> **GOAL OF THE EXERCISE**:
Reproduce all the data exactly, without pictures.

> **DATA BELOW**:
=-=-=-=-=
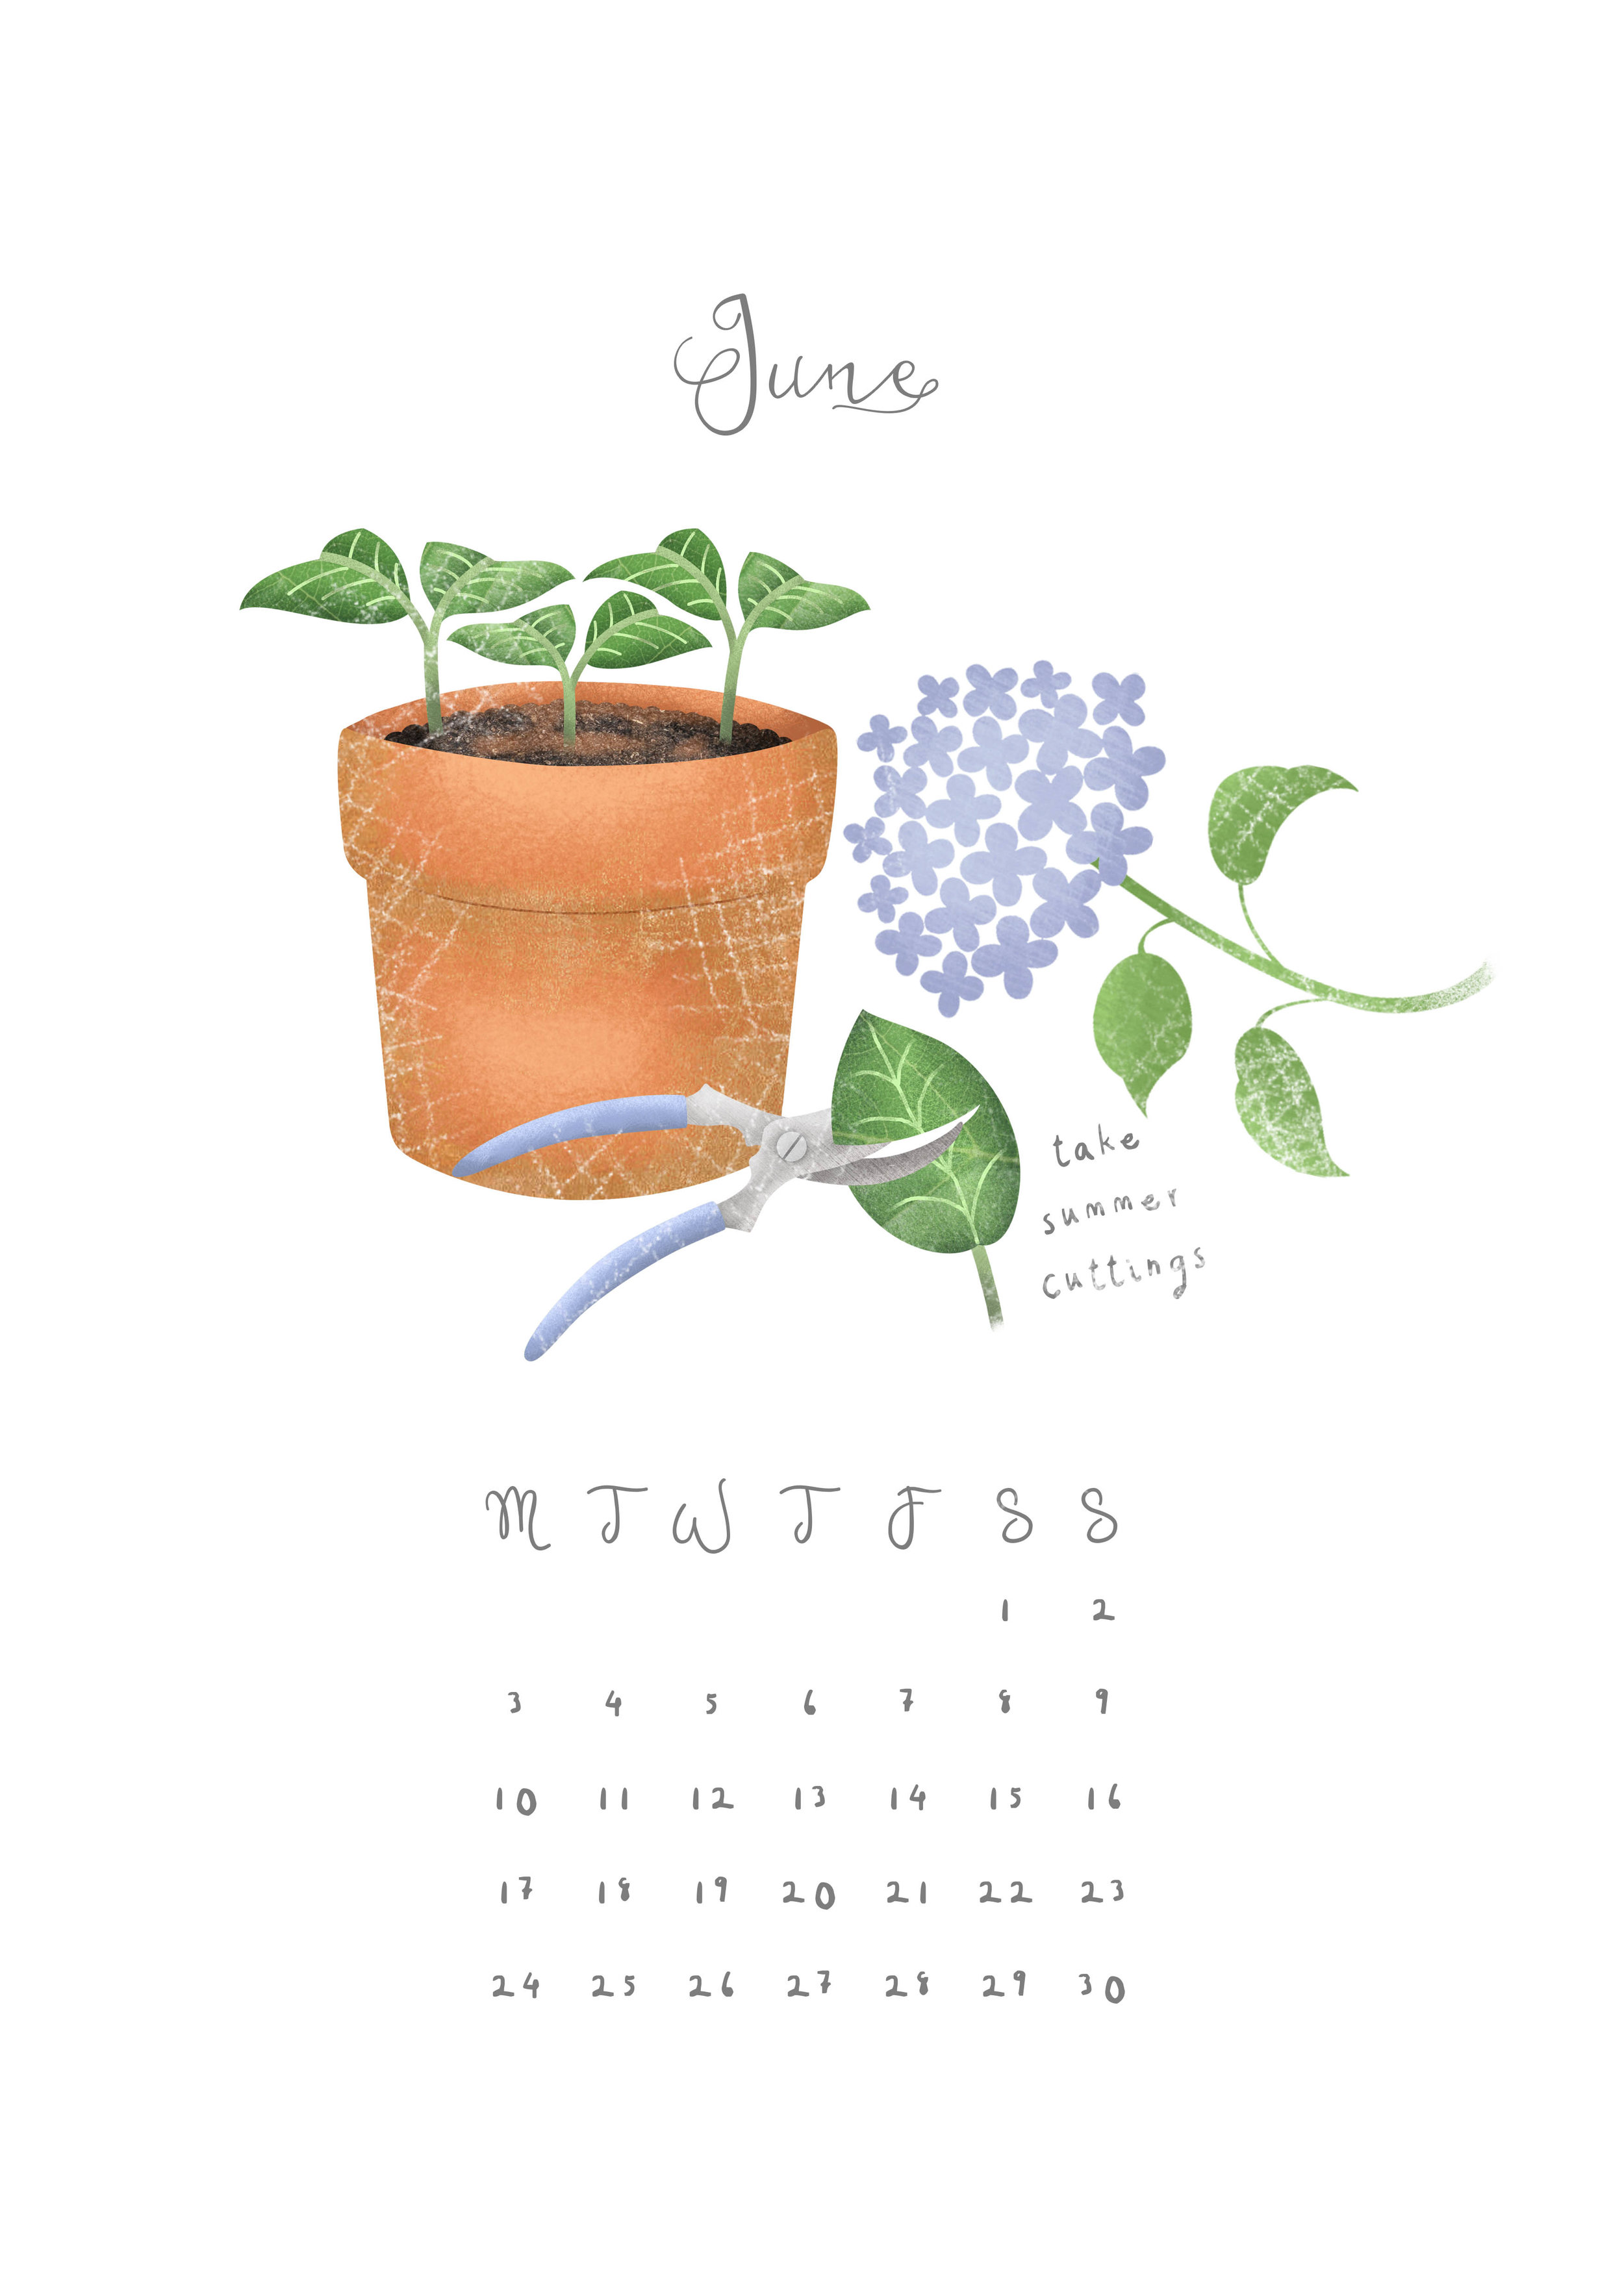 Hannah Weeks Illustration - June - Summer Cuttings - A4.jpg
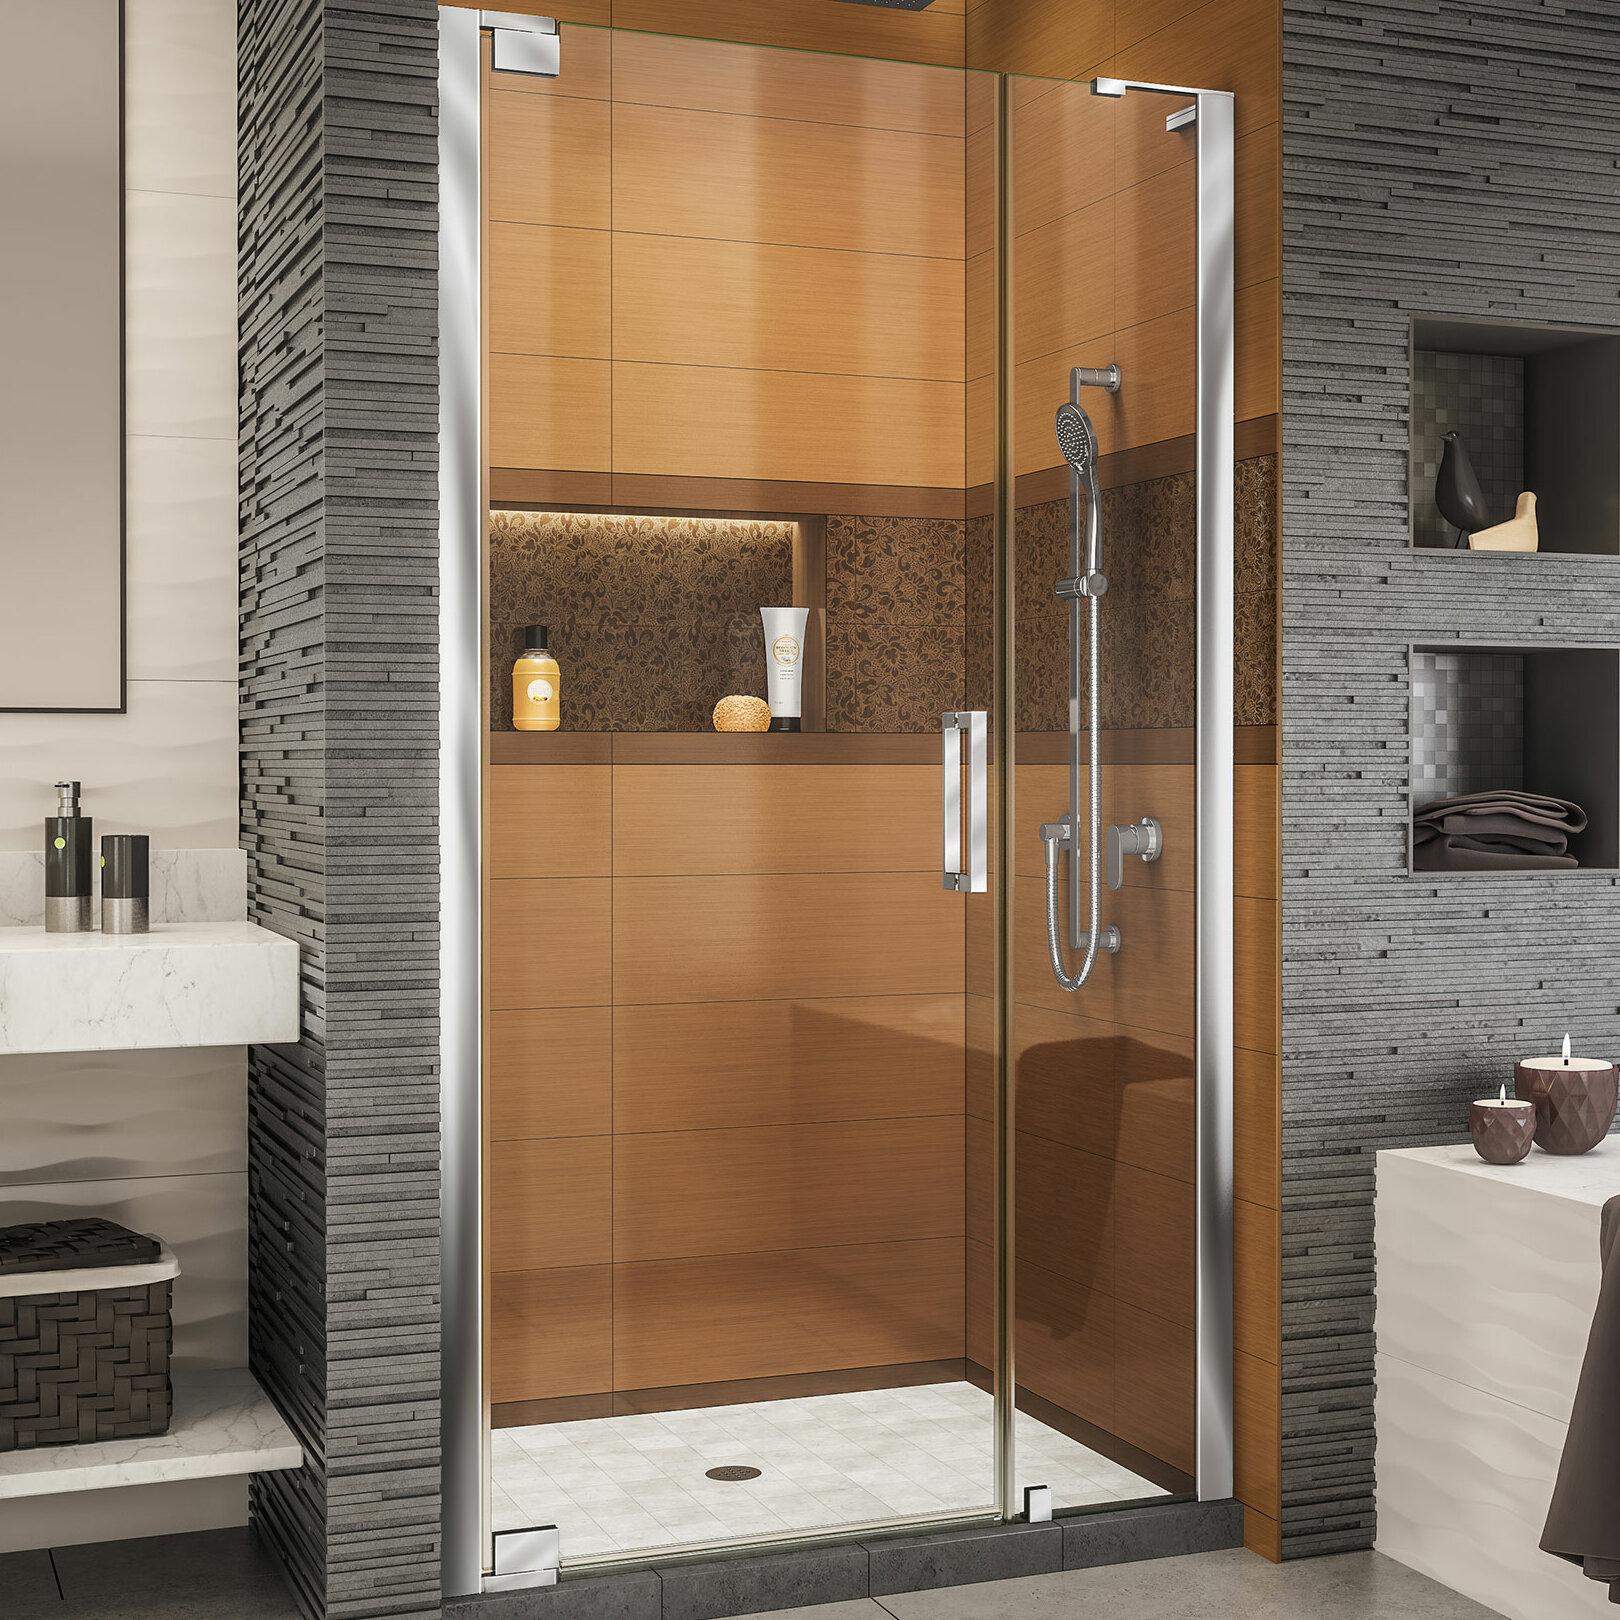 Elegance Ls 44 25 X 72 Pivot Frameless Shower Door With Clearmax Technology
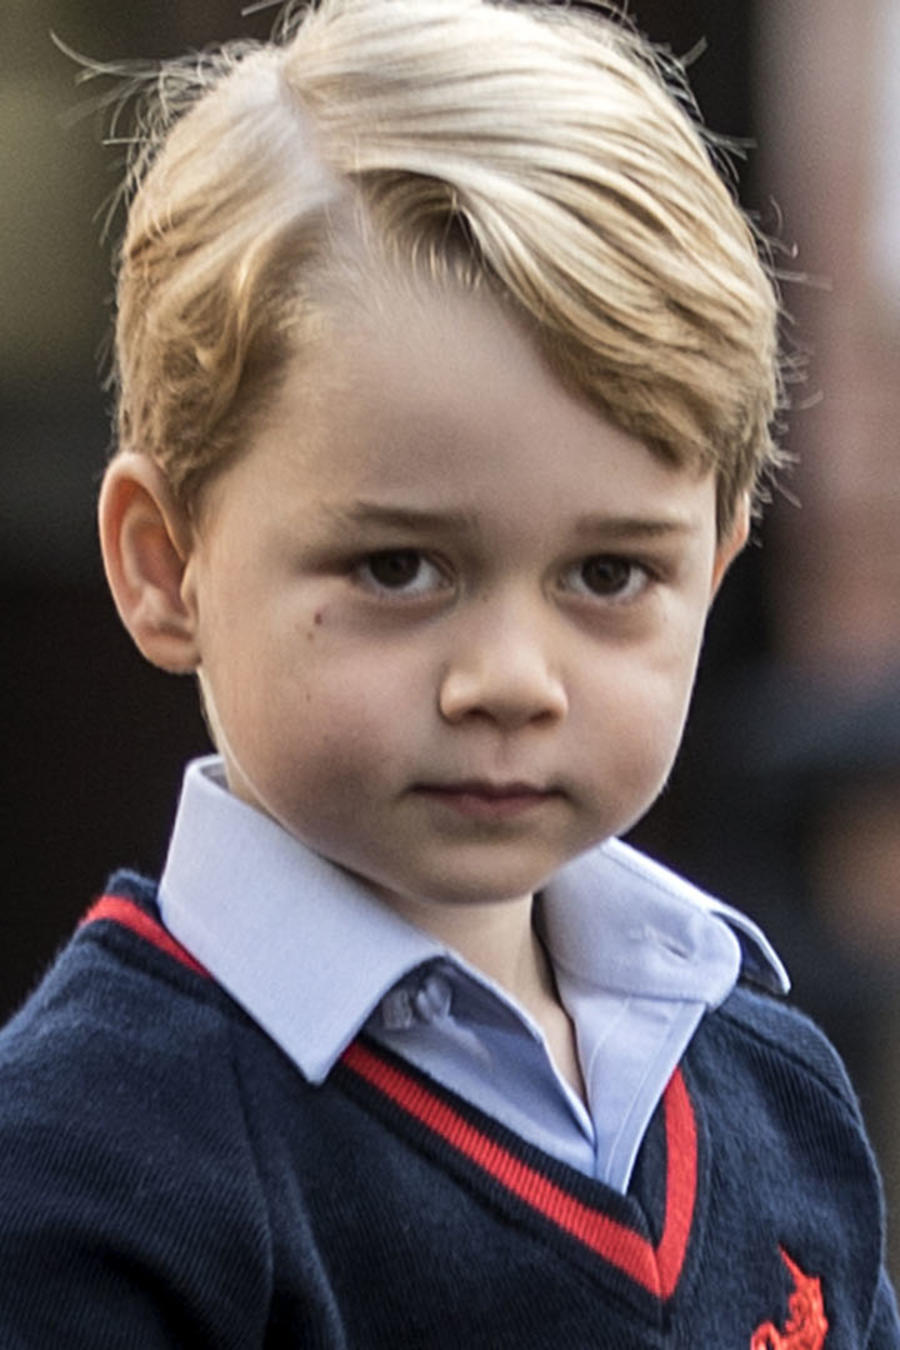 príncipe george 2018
=-=-=-=-=
> **PROBLEM SOLUTION**:
 Hannah Weeks Illustration - June - Summer Cuttings - A4.jpg
 Elegance Ls 44 25 X 72 Pivot Frameless Shower Door With Clearmax Technology
 príncipe george 2018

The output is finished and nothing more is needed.